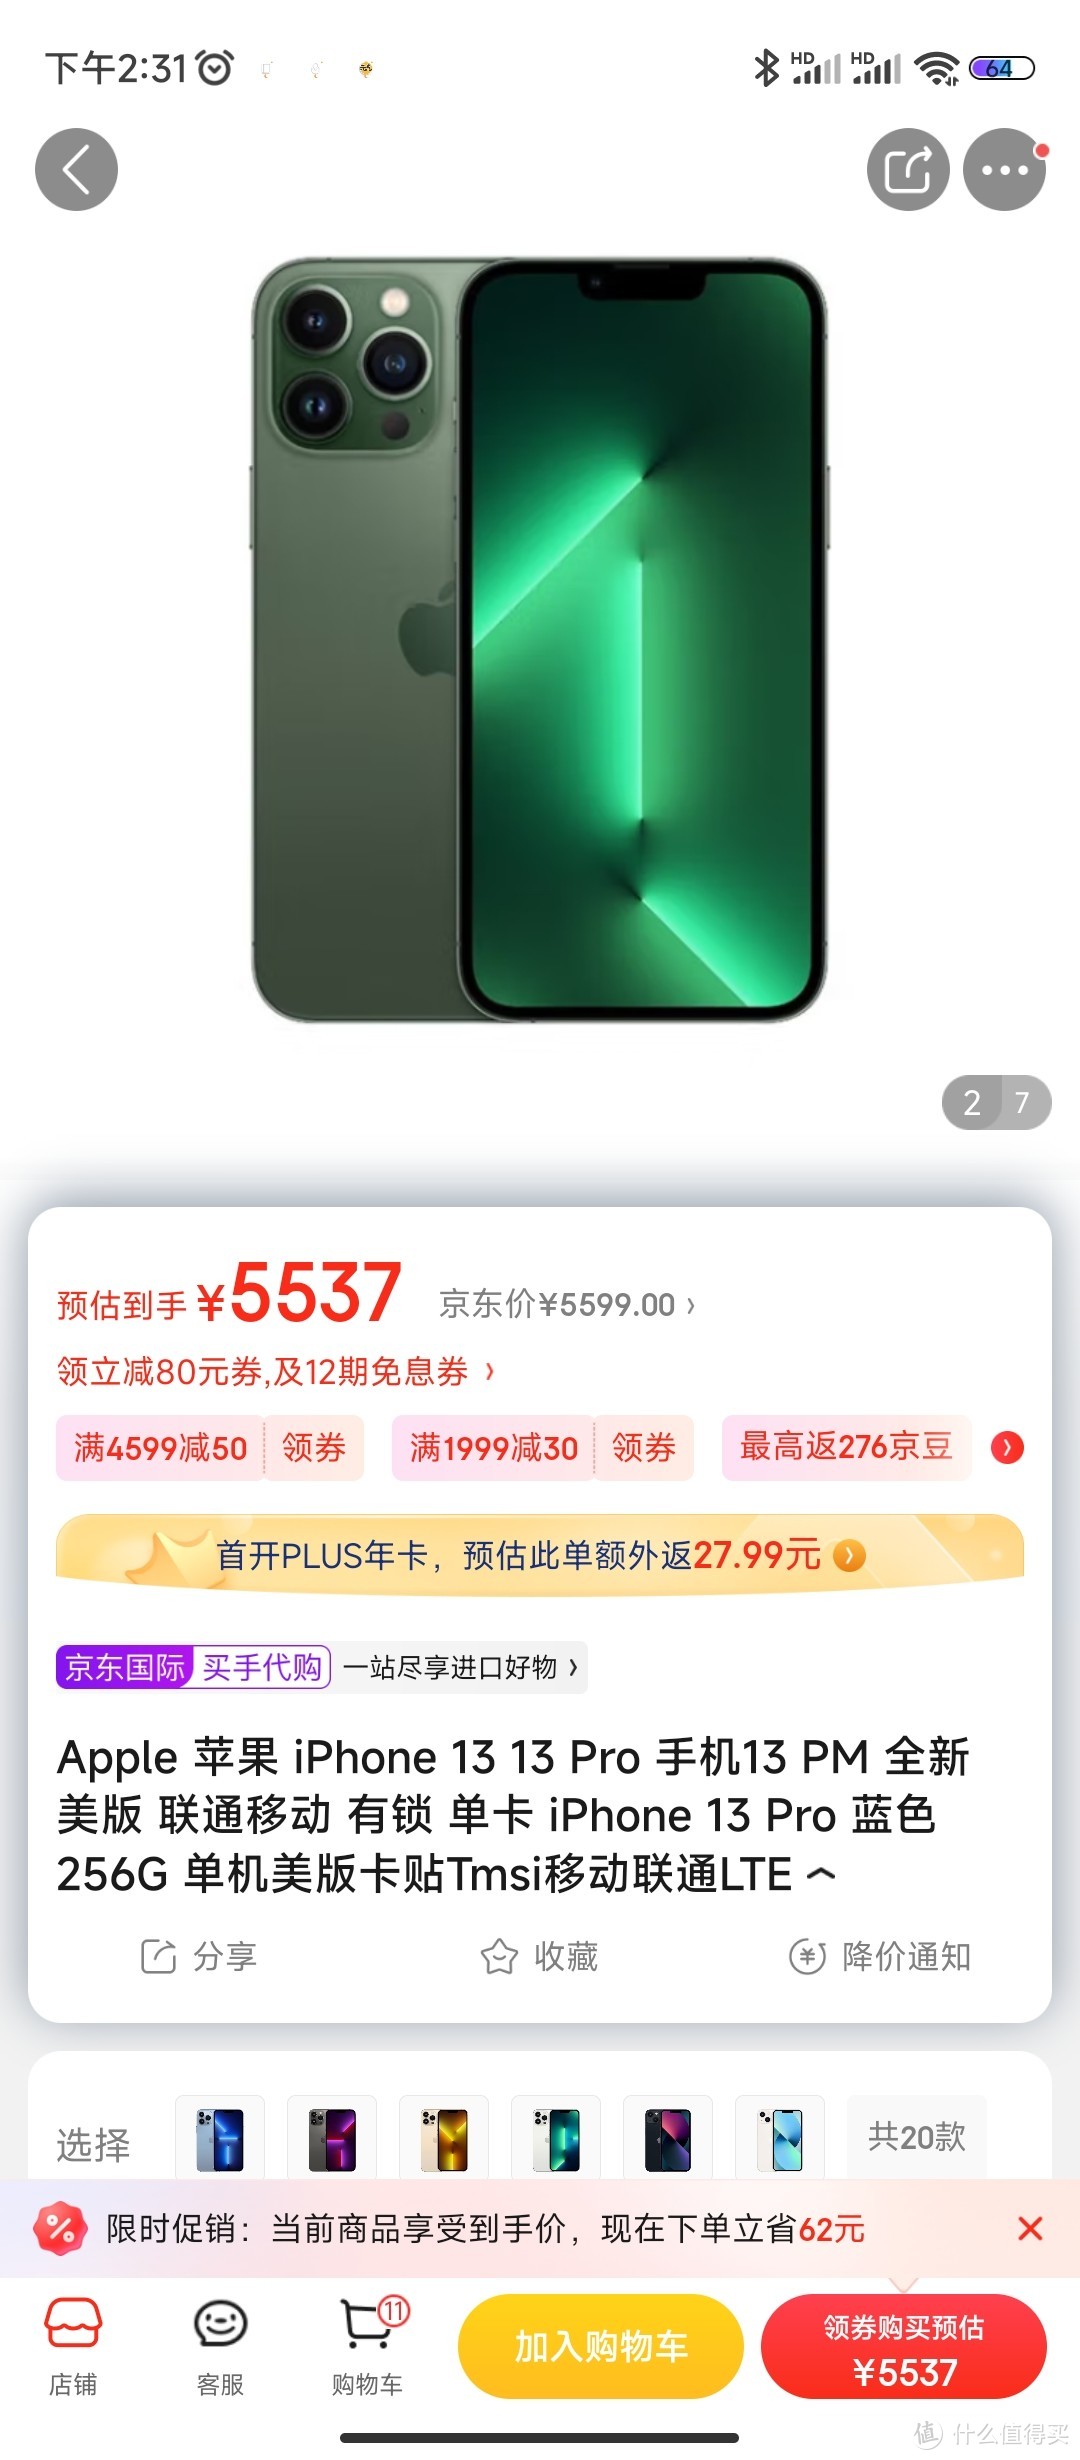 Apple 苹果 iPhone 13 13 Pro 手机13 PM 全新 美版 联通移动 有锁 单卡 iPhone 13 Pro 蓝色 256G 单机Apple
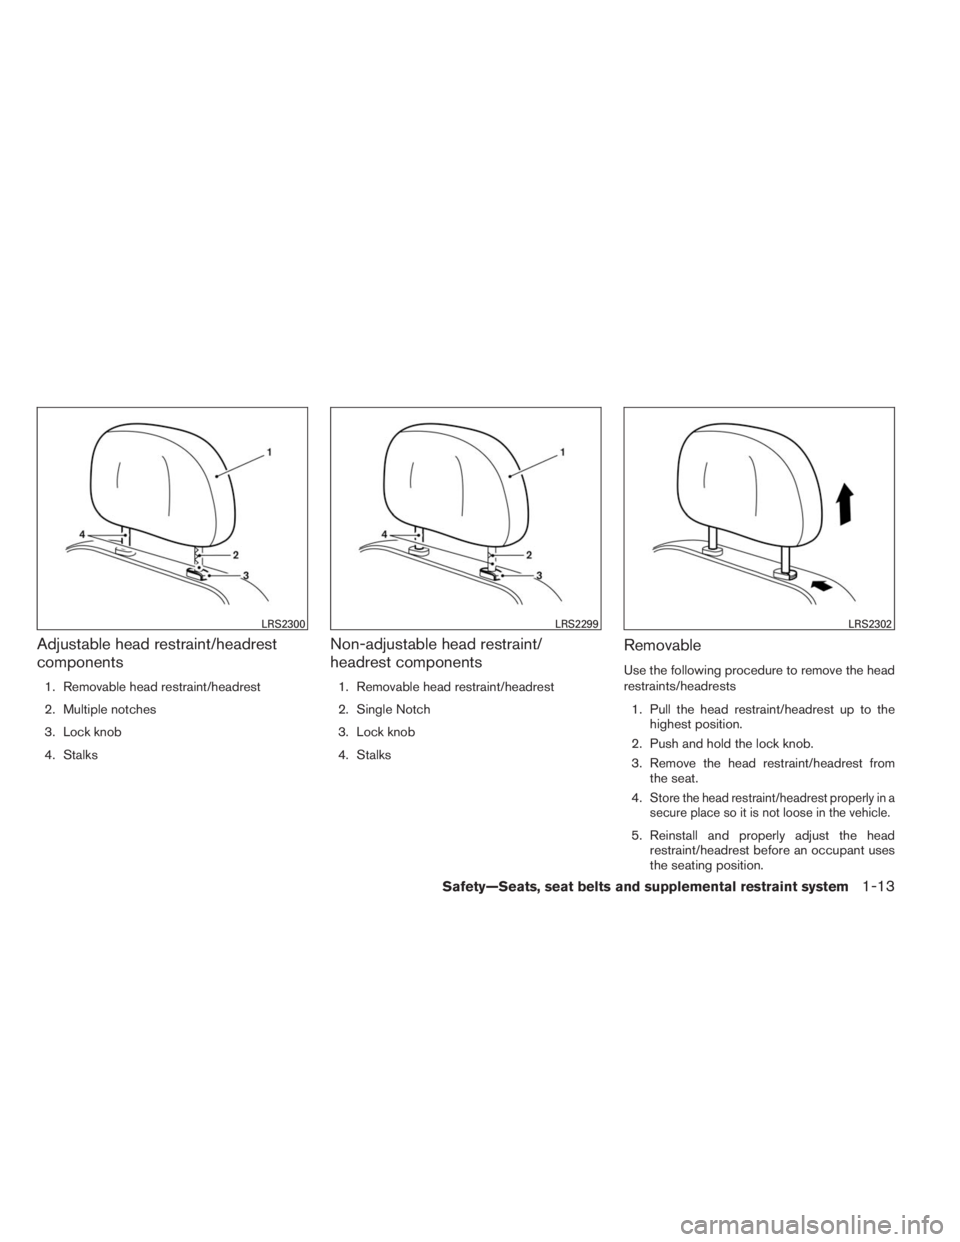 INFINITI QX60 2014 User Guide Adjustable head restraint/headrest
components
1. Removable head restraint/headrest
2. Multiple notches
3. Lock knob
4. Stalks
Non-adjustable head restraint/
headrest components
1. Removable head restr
━━━━━━━━━━
WHAT YOU NEED TO DO: Sift the data above for lines with "Removable", then copy each one.

RESPONSE:
1. Removable head restraint/headrest
1. Removable head restr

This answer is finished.